*** Supplied data
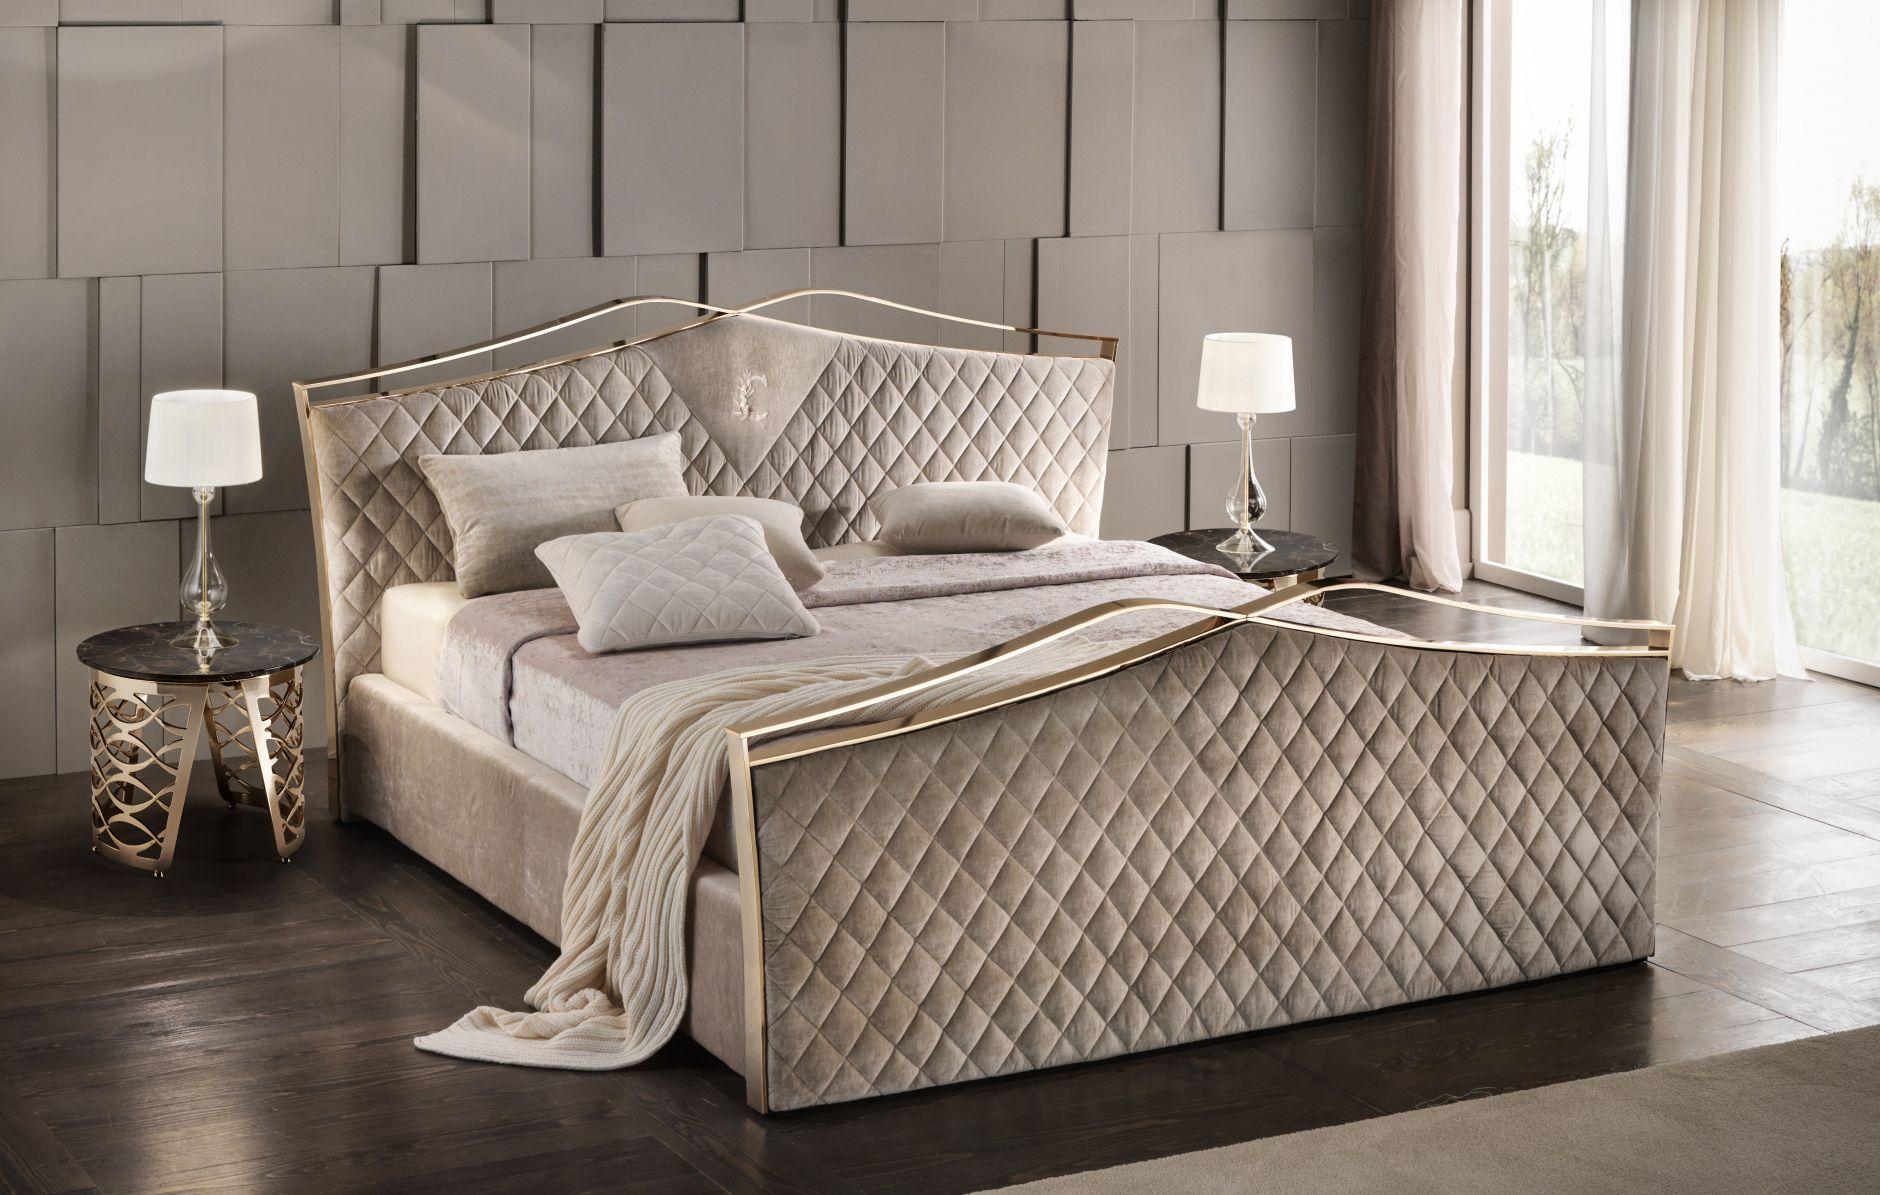 Muebles Neocl Sicos Dormitorio Cantori Valentino Seriemuebles  # Muebles Neoclasicos
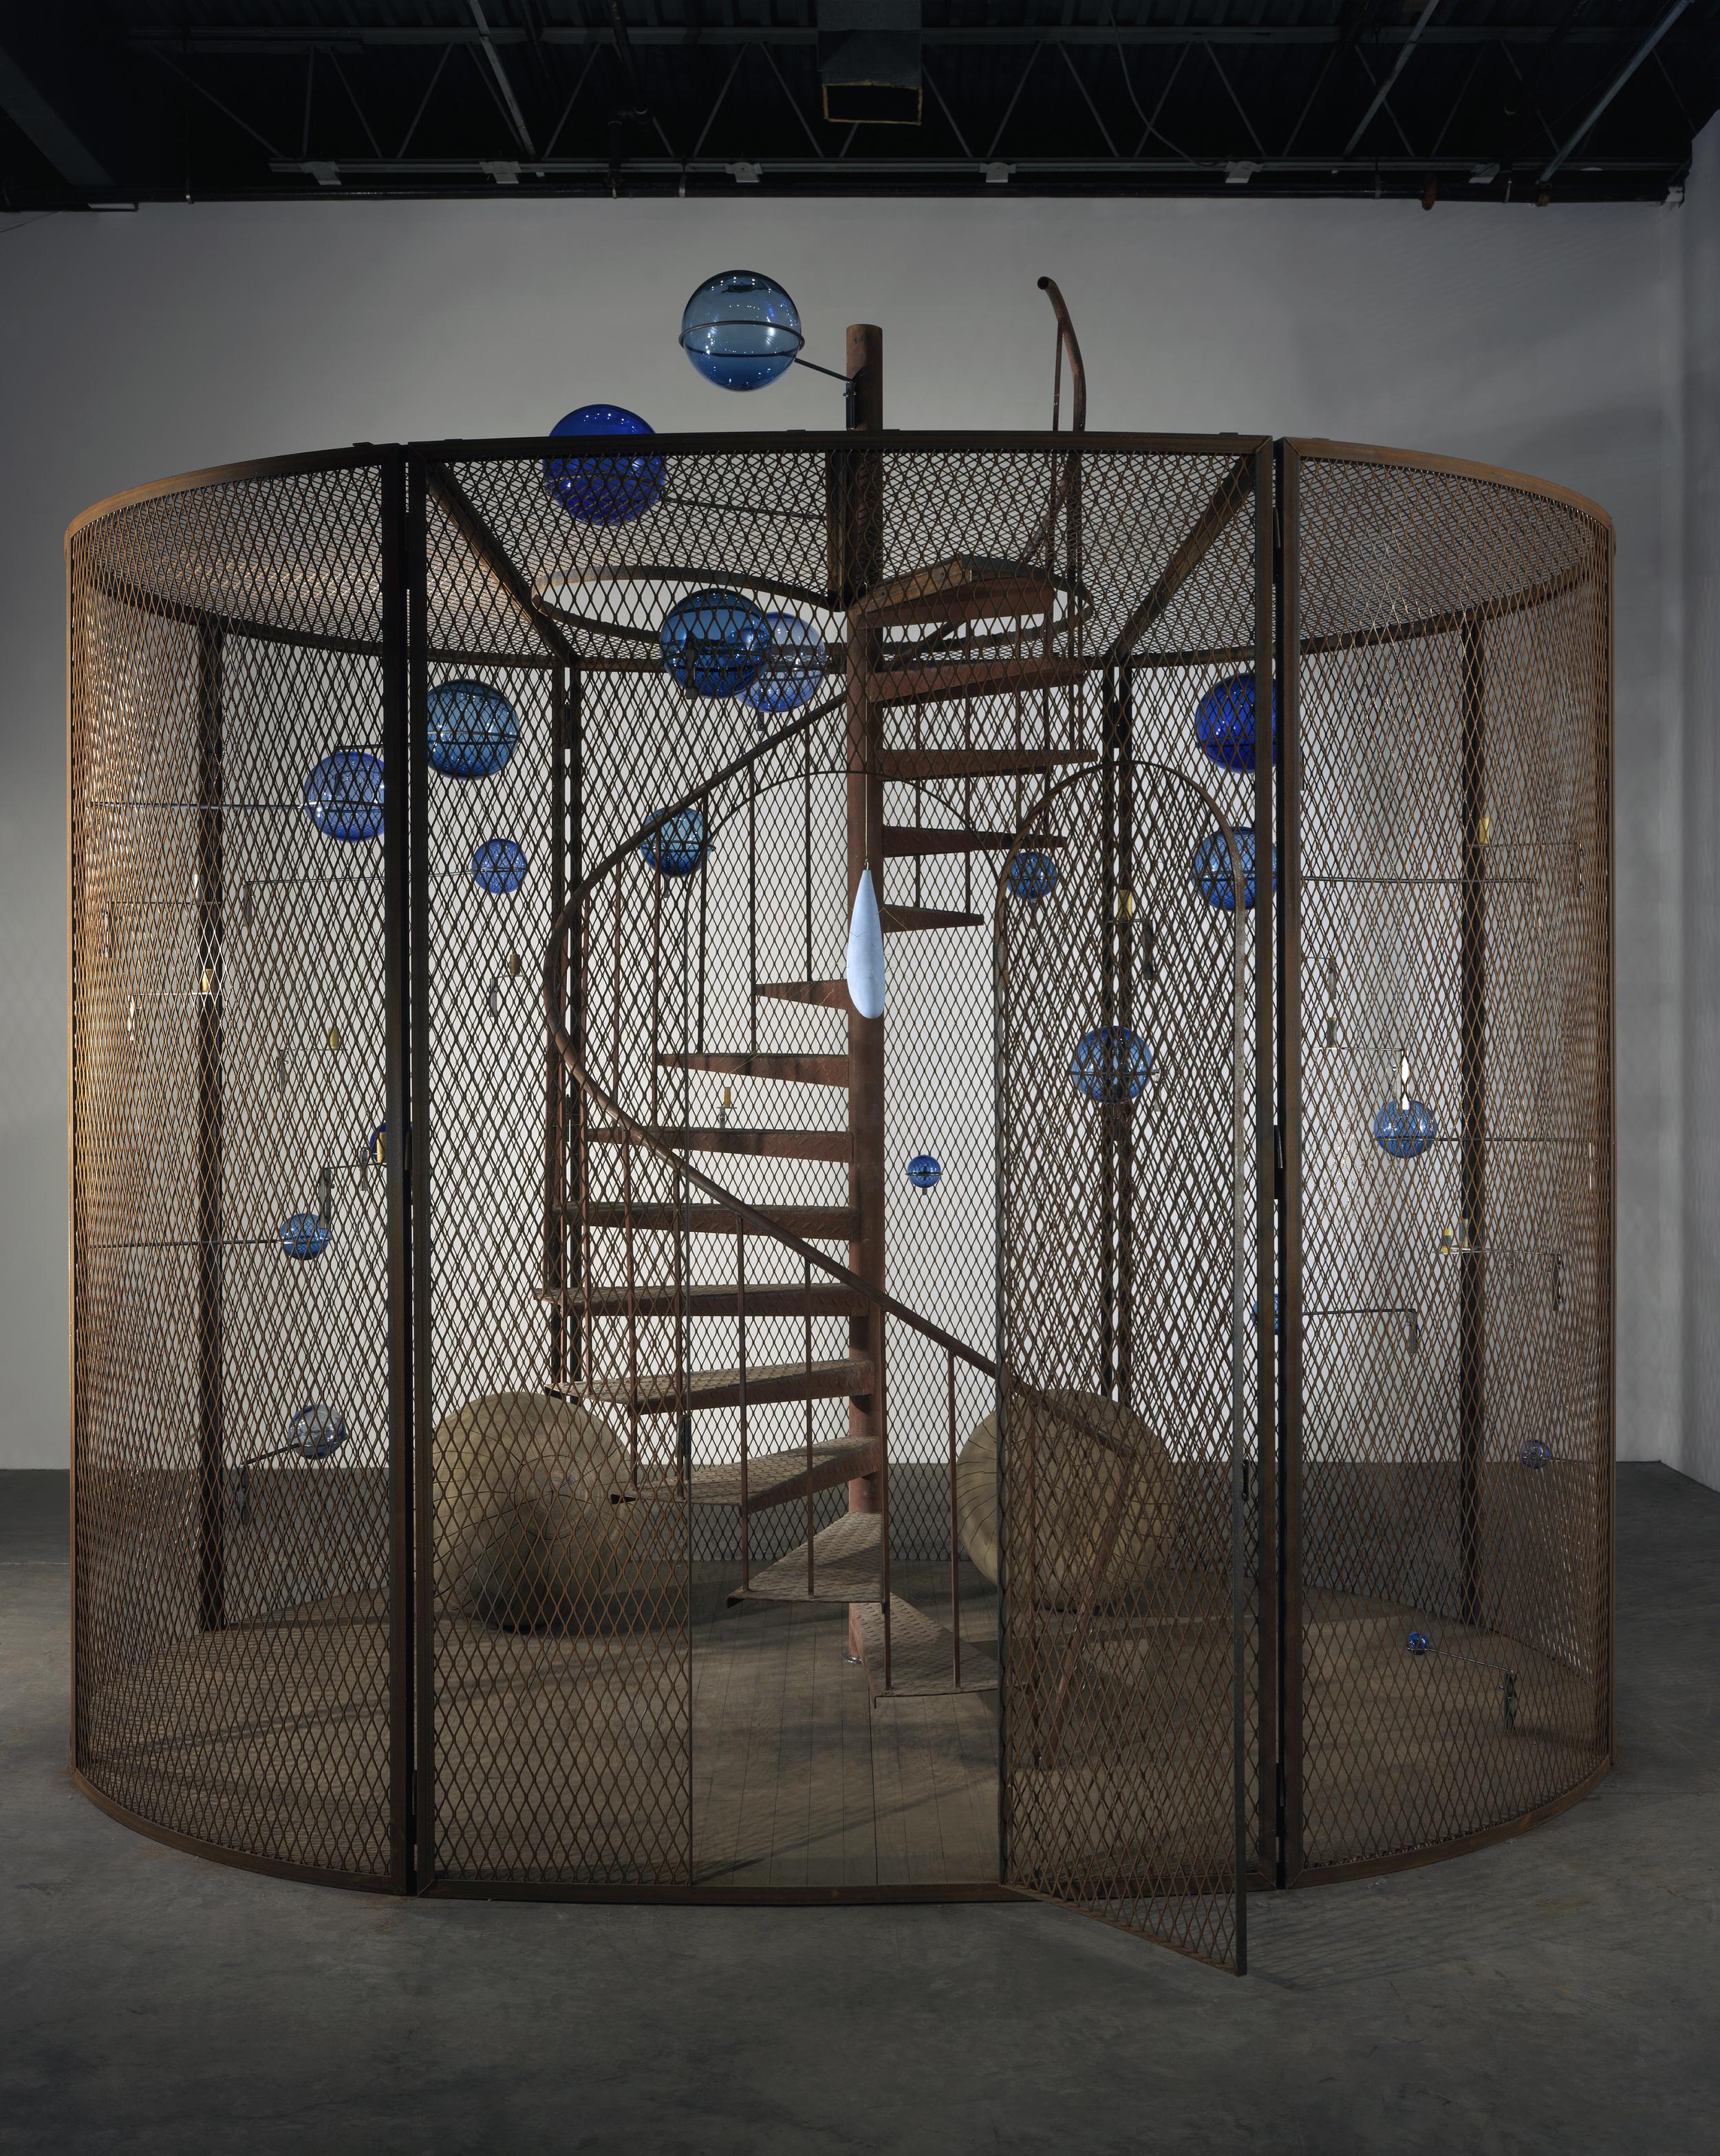 Cellule (La dernière montée) [Cell (The last climb)]  (2008)  Louise Bourgeois  Photo : Christopher Burke  © The Easton Foundation / VEGAP
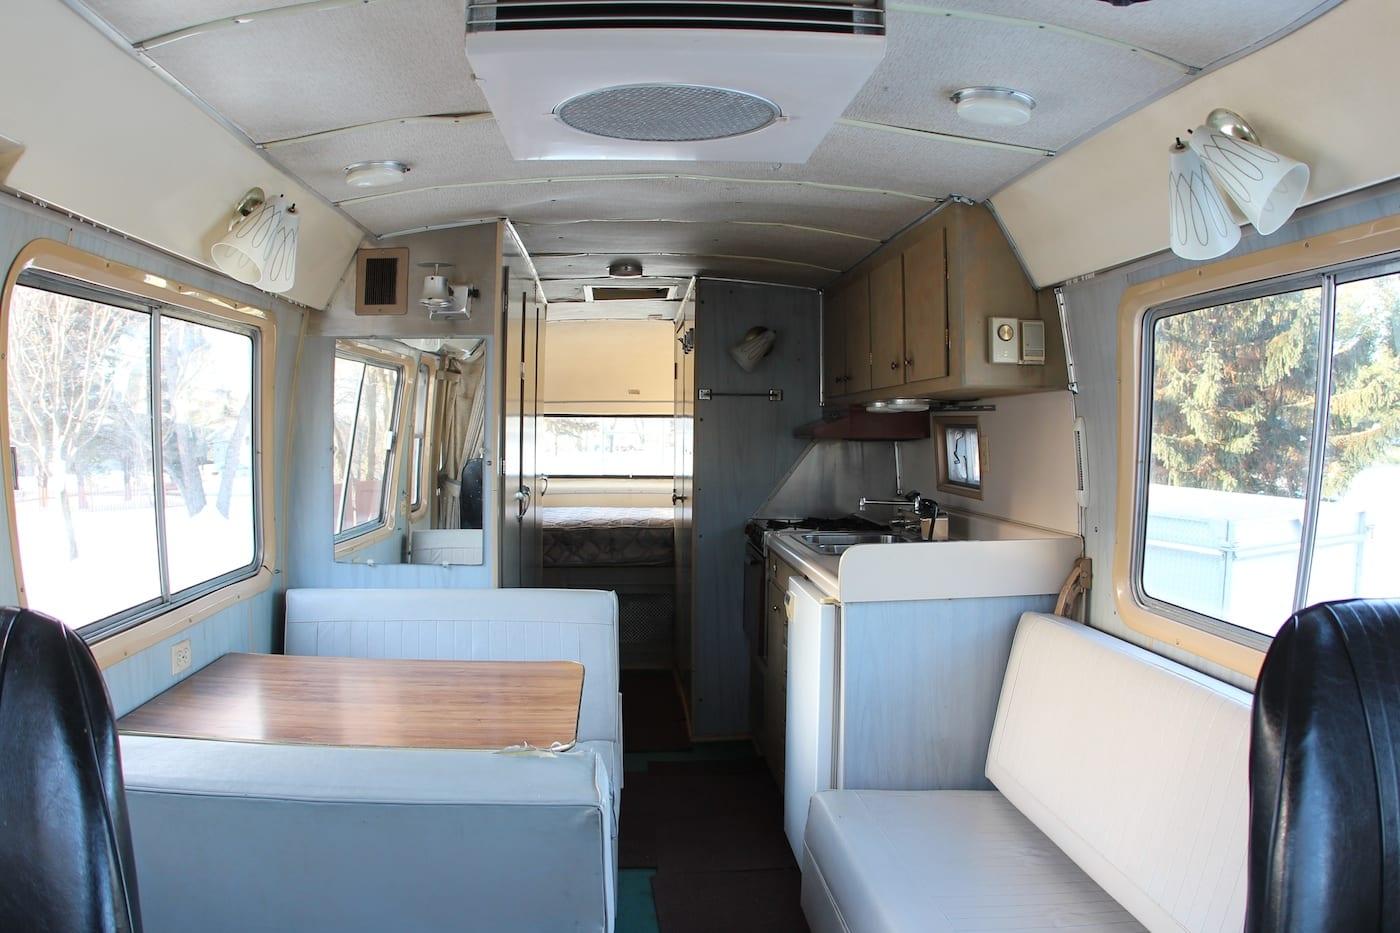 1966 Dodge Travco Interior Before Bumfuzzle
******
What to do ▸ Full transcription of the material, exact in every line, without images.

Solution for this problem ▸
 Muebles Neocl Sicos Dormitorio Cantori Valentino Seriemuebles  # Muebles Neoclasicos
 Cellule (La dernière montée) [Cell (The last climb)]  (2008)  Louise Bourgeois  Photo : Christopher Burke  © The Easton Foundation / VEGAP
 1966 Dodge Travco Interior Before Bumfuzzle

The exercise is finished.